Here, config is basically the additional_config_params as it was before except that currently we also store what secrets are to be read as part of additional_config_params but in this new implementation, we have a separate field secrets which is it's own JSON object and stores for each secret the related information such as secret_name, required, default , type (choices:number, string, bool) and description.

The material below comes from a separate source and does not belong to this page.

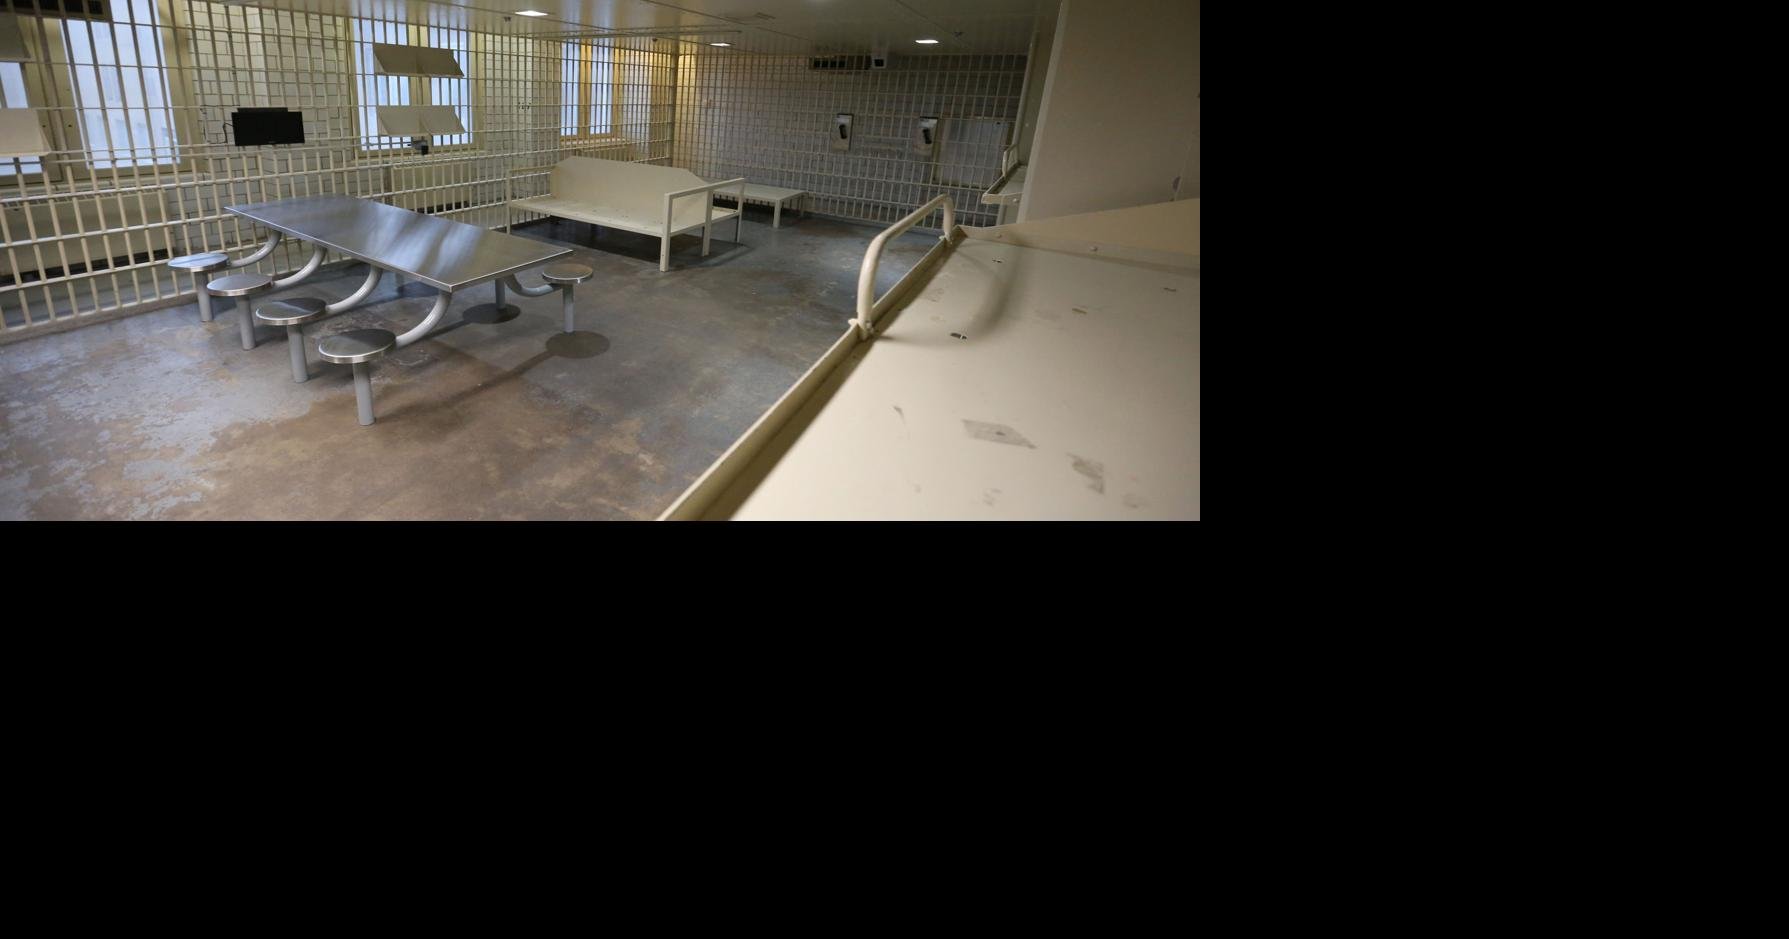 Dane County Jail renovation plan pushes video visitation Politics

and this is how it would be stored in the cache after verify_analyzer_config() is called:

"Cuckoo_Scan": {
  "type": "file",
  "disabled": false,
  "description": "scan a file on a Cuckoo instance",
  "python_module": "cuckoo_scan.CuckooAnalysis",
  "config": {
    "soft_time_limit": 500,
    "queue": "long",
    "max_post_tries": 5,
    "max_poll_tries": 20,
  },
  "secrets": {
    "api_key_name": {
      "secret_name": "CUCKOO_API_KEY",
      "type": "string",
      "required": true,
      "default": null,
      "description": "API key for your cuckoo instance"
    }
  },
  "verification": {
    "configured": false,
    "error_message": "'api_key_name' unknown: expected string, got int (3 of 4 satisfied)",
    "missing_secrets": ["api_key_name"]
  }
}

Since the secrets field now stores all information regarding whether a secret is required, default, etc. that means we can loop over each analyzer object inside analyzer_config.json and then traverse through it's secrets field and verify for all of them thereby marking them as configured or unconfigured and constructing the error_message that will be shown on the frontend as the tooltip.